Не сложно догадаться, что Курбе так и остался в деревушке. Помогал старикам в хозяйстве. Деревенская жизнь была знакома Пьеру, сложностей он не испытывал. А дел было хоть отбавляй. Немного грустно ему было, что от родителей ушел, но сердце грела любовь к Летиции.
А осенью сыграли свадьбу.
Весна 1712 года, альпийская деревушка.
После того, как Пьер окончательно поселился в доме Форминзо в качестве члена семьи, его не переставали покидать мысли, что Летиция заслуживает более красивой жизни, чем простая деревенская девушка.
Нет, ей, конечно, нравилась такая жизнь, но ведь другой она совсем не видела, не знала. А хотела ли? Наверное, да. Во всяком случае, Пьер часто размышлял о том, как живется в больших городах, где здания целиком каменные, где воду не надо было черпать из ручья или колодца, а можно было брать из водопровода.
Чего таить, сам Пьер был бы не прочь посмотреть на большой город. Но упор делал на то, что главное для него – чтобы Летиция получила больше, чем то, что у нее уже было.
Как им там устроиться? На что жить? Эти вопросы не интересовали Курбе, он верил, что сможет обеспечить семью, что за двадцать пять лет жизни в деревне узнал все, что только можно. Но не узнал того, какие трудности могут подстерегать его и Летицию в «Большом Городе».

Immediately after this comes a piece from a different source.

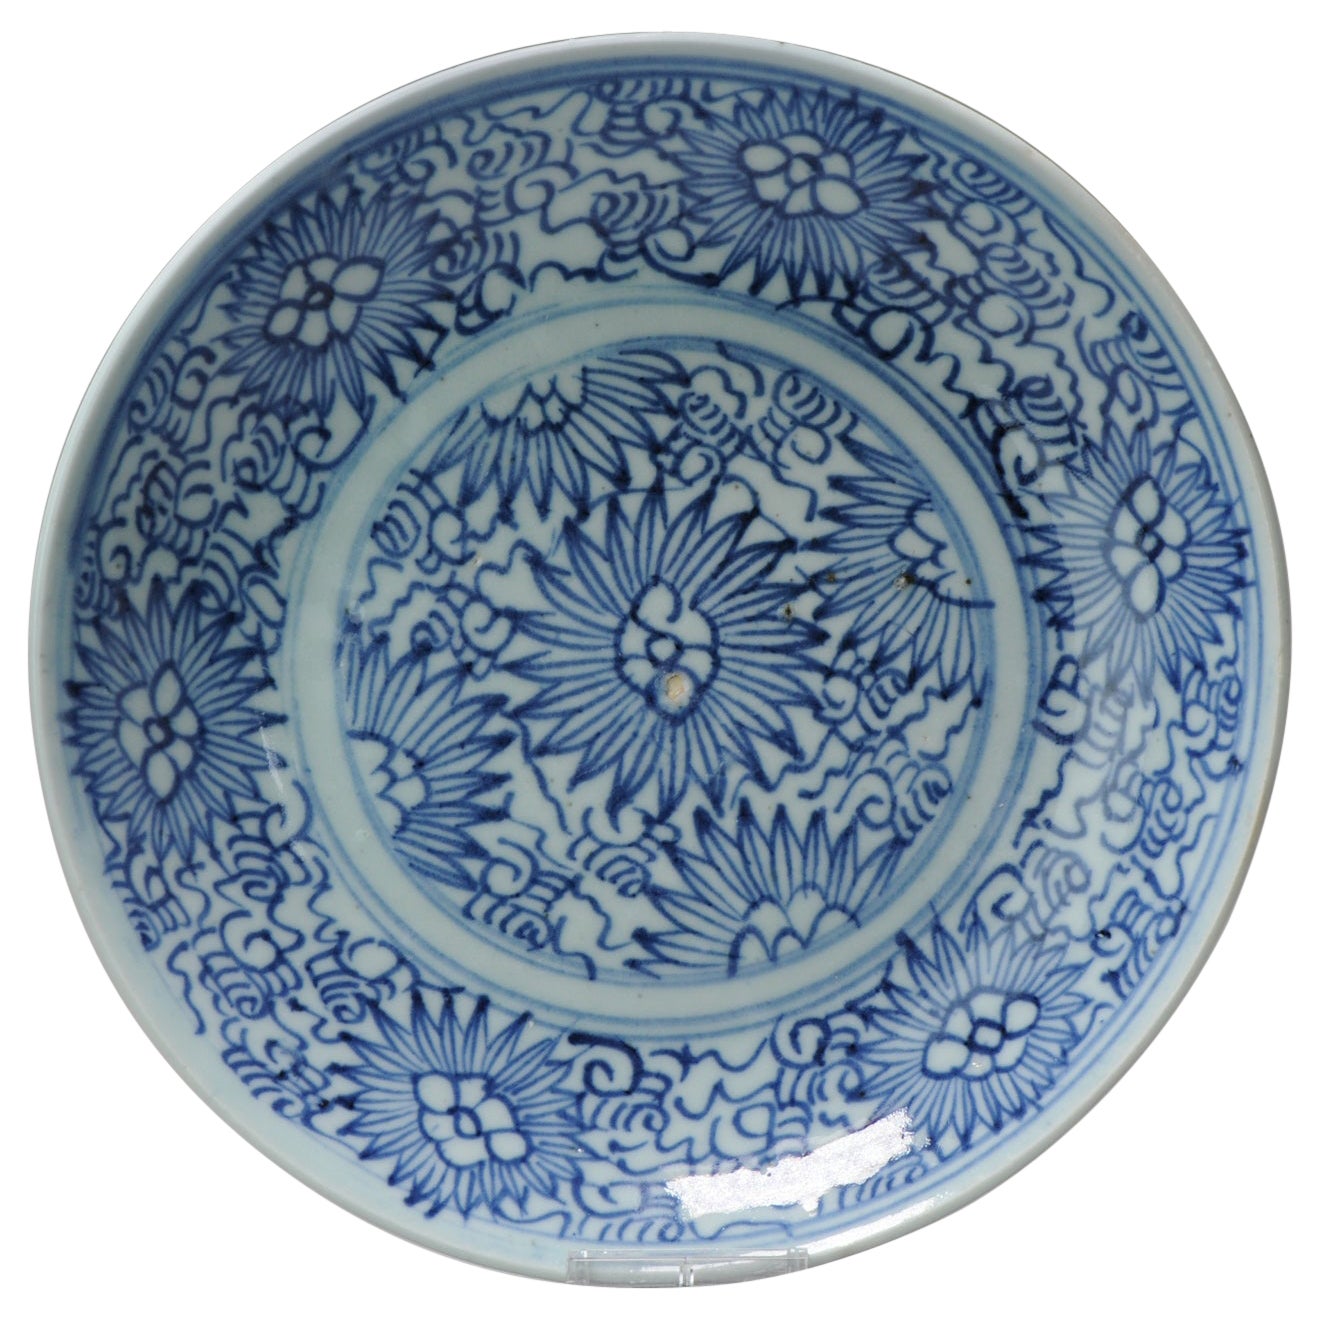 Chinesisches Porzellan Küche, Aster-Muster, Ching Qing-Teller, Südostasien, 19. Jahrhundert
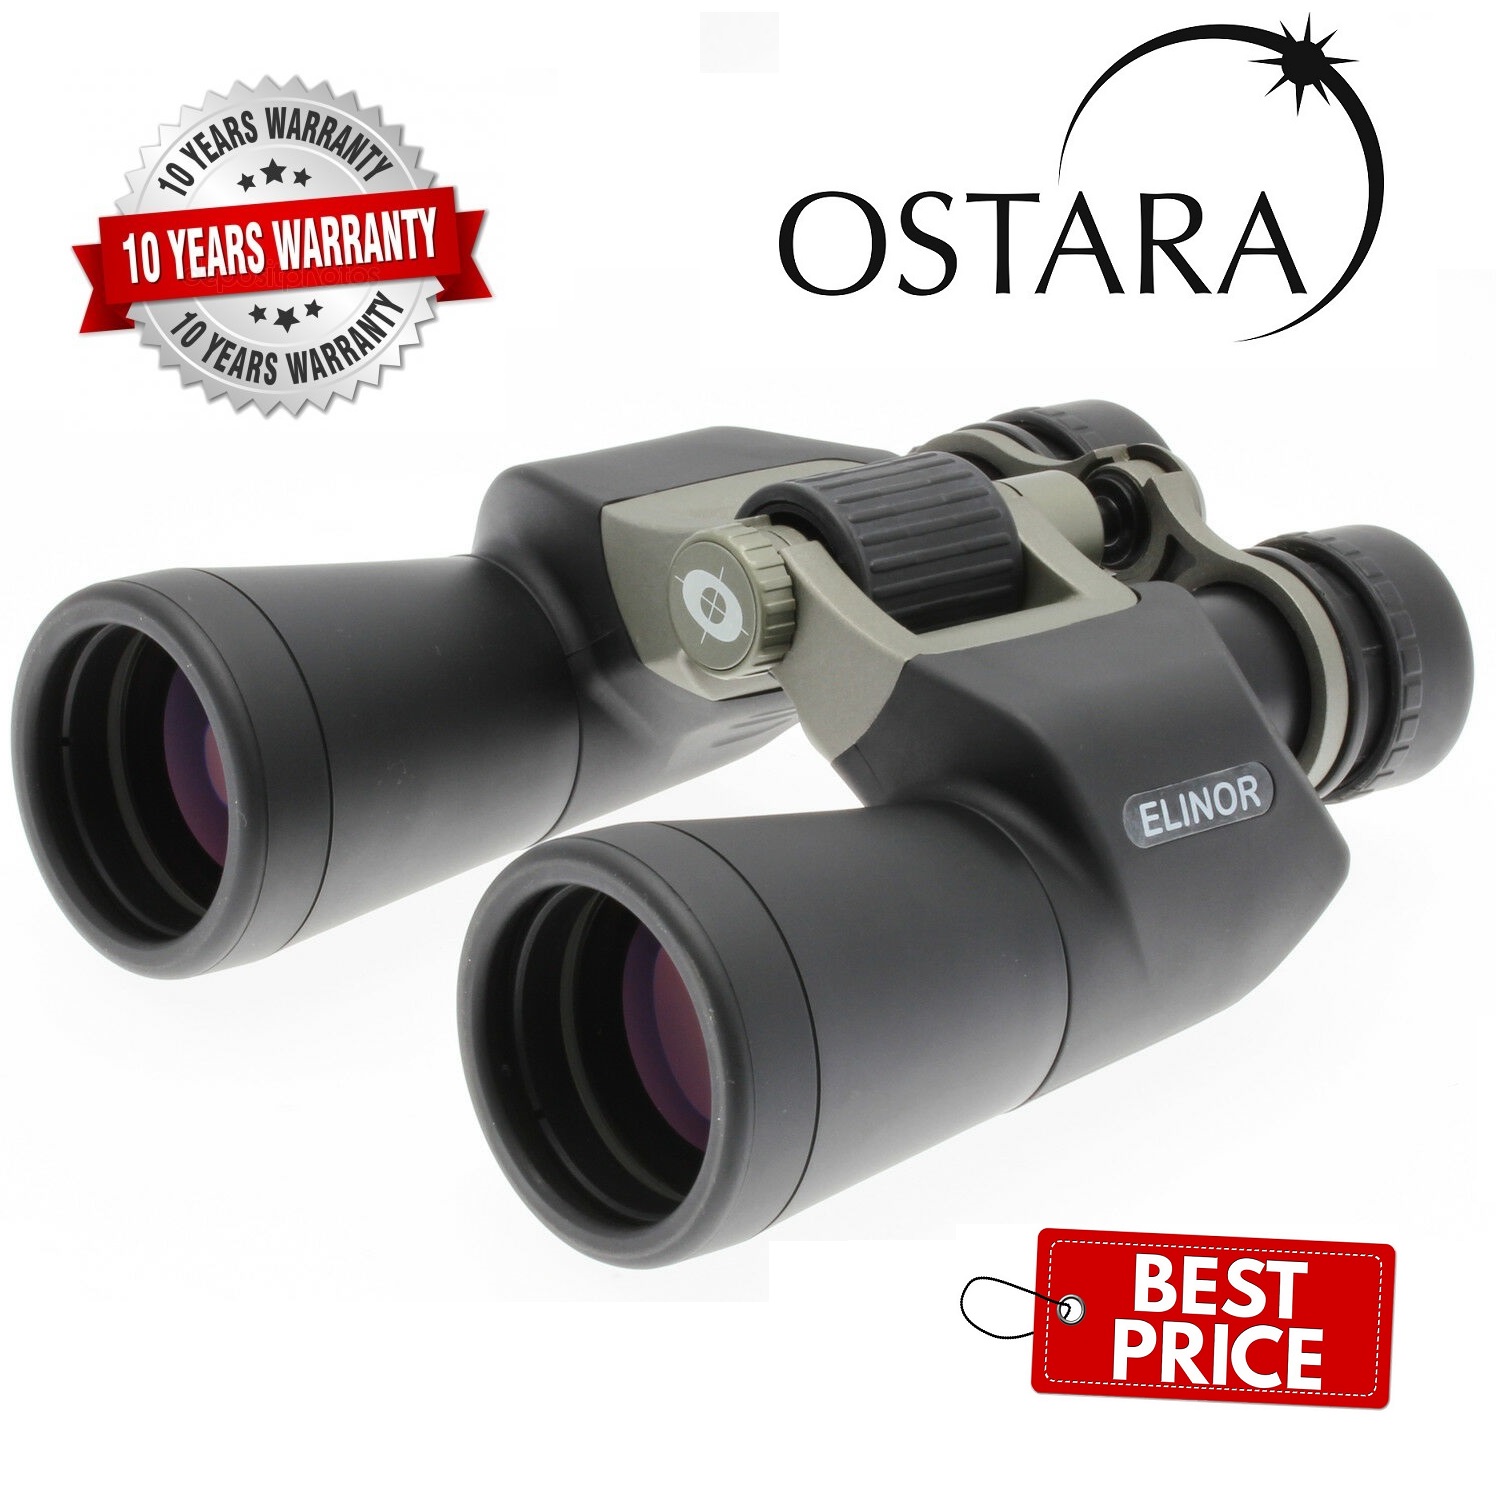 Ostara Elinor 7x50 Style Binocular

А в какой Большой Город он хочет? Сам бы он отправился в Орлеан. Или в Париж.
Но говаривали, что на востоке есть город, где дома стоят прямо на воде, где каменные дворцы поражают своим великолепием, а жизнь там – настоящая сказка.
Собравшись, получив благословение родителей Летиции, Пьер с женой отправились в далекий неведомый путь.
Осень 1712 года, селение близ Венеции.
Жизни в Большом Городе молодая семья так и не увидела. Прибыв в Венецию, они с огорчением обнаружили, что у них не хватит ни денег на жилье, ни образования, чтобы устроиться хоть на какую-то хорошо оплачиваемую работу.
Восторг от увиденного города полностью истерся разочарованием от реального положения дел. Без денег, без работы, без связей они оказались одни посреди бурлящей городской жизни.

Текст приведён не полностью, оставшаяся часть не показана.